I am trying to generate a check list to determine what might be the issue for the site not being indexed. I understand that there are work arounds for some of the causes for not being indexed, but I just want to make the checklist so that we can determine what exactly might be causing the issue. All possible causes is what I am seeking. Everyone is welcome to repond. Here is a start.
--- Checklist for Denial ---
Are the following true? These are reasons why your site MIGHT NOT get indexed.
1) Cookies required (disable cookies, then try to use your site)
2) Dynamic pages with "?" existing in the URL
3) Robots.txt file denying the bot
4) Previously banned or penialized site and/or domain
5) duplicate content/mirror site or *VERY* similar content
6) DNS problem at Google
7) HTTP Status Code other than 200 OK (like 301 redirect)
8) Special character in domainname (not sure about this one... Japanese, Chinese & Korean characters. See Takagi post below.)
9) no default file in root or no read permission
10) server down while deepbot wanted to visit the site
11) server too slow (time out)
12) No incoming links (orphan page syndrome)
13) Not been around long enough (at least 3 months before panic button should be pushed)

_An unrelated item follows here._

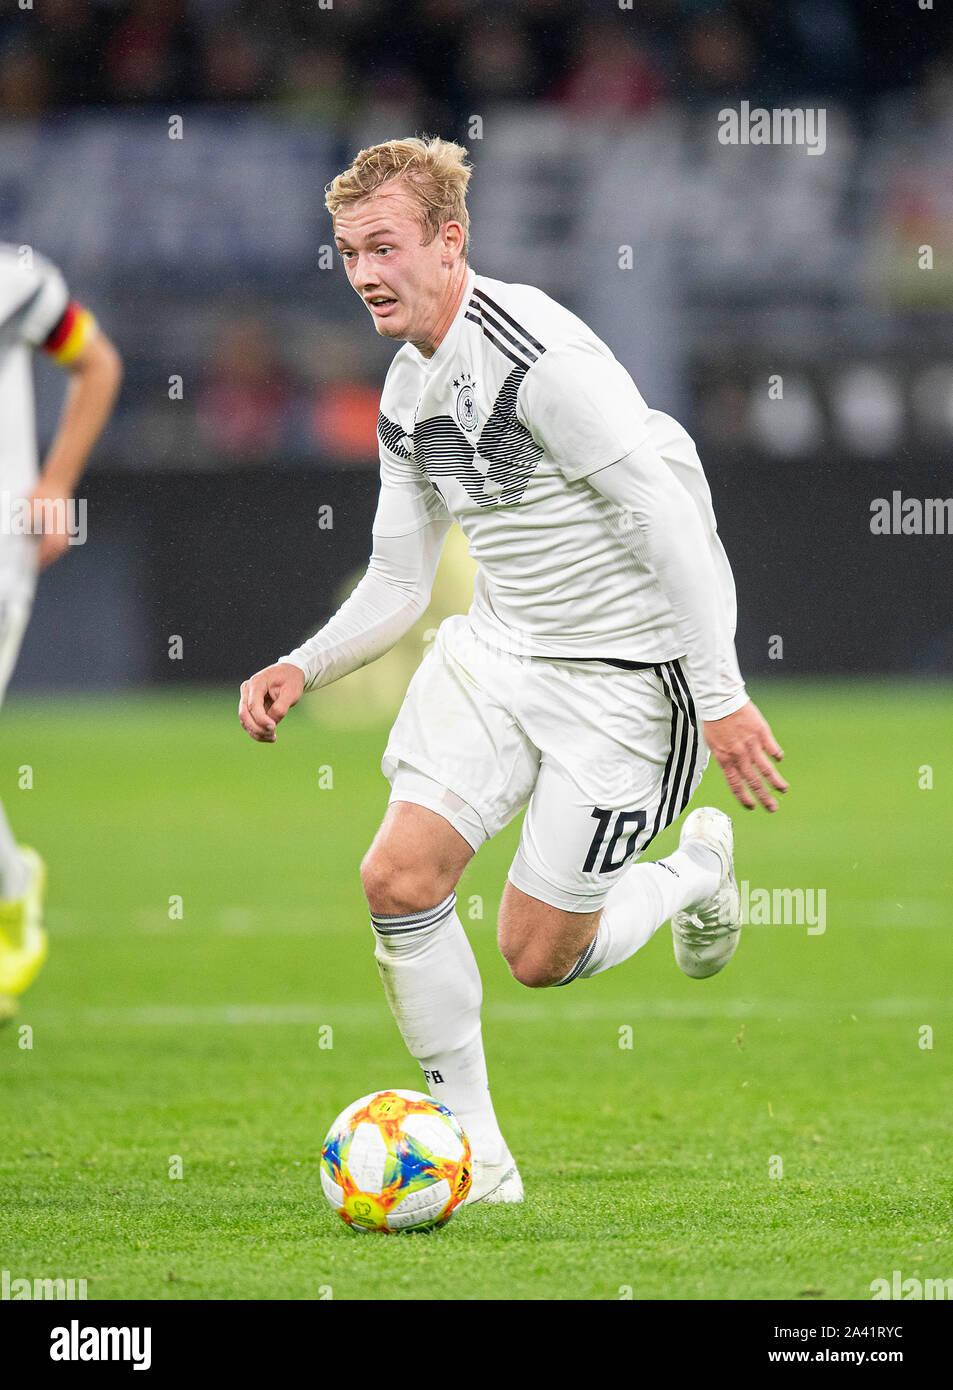 Julian BRANDT (GER) Promotion, Football Laenderpiel, Friendly Match, Germany (GER) - Argentina (ARG) 2: 2, on 09/10/2019 in Dortmund/Germany. ¬ | usage worldwide Stock Photo

14) Session IDs in the URL (new URL with "af654d6s1f6asd51s6f3f13dsf8se6312sd" which keeps changing)
Good work guys... keep'em coming!
Thanks for your help.
Justin
[edited by: jtoddv at 3:14 pm (utc) on April 21, 2003]
1) No. You don't have to embed cookies in your pages to be listed. On the other site you if you send cookies with your pages, Google won't mind. :) Either way, it doesn't matter at all.
2. Google crawls and add to the index the dynamical pages with "?" (but you should take care with the "id" variable - like in "link?id=" - sometimes a sign the session variables). You should limit your GET variables to three
3. Take a look in your root directory and if you have a robots.txt file open it with Notepad and paste the content here. We'll tall you if the googlebot is blocked or not
4) This happens indeed. If the domain was used to spam goggle you might have it blocked. A hint will be to install the goggle bar and see if your Page Rank is gray or zero.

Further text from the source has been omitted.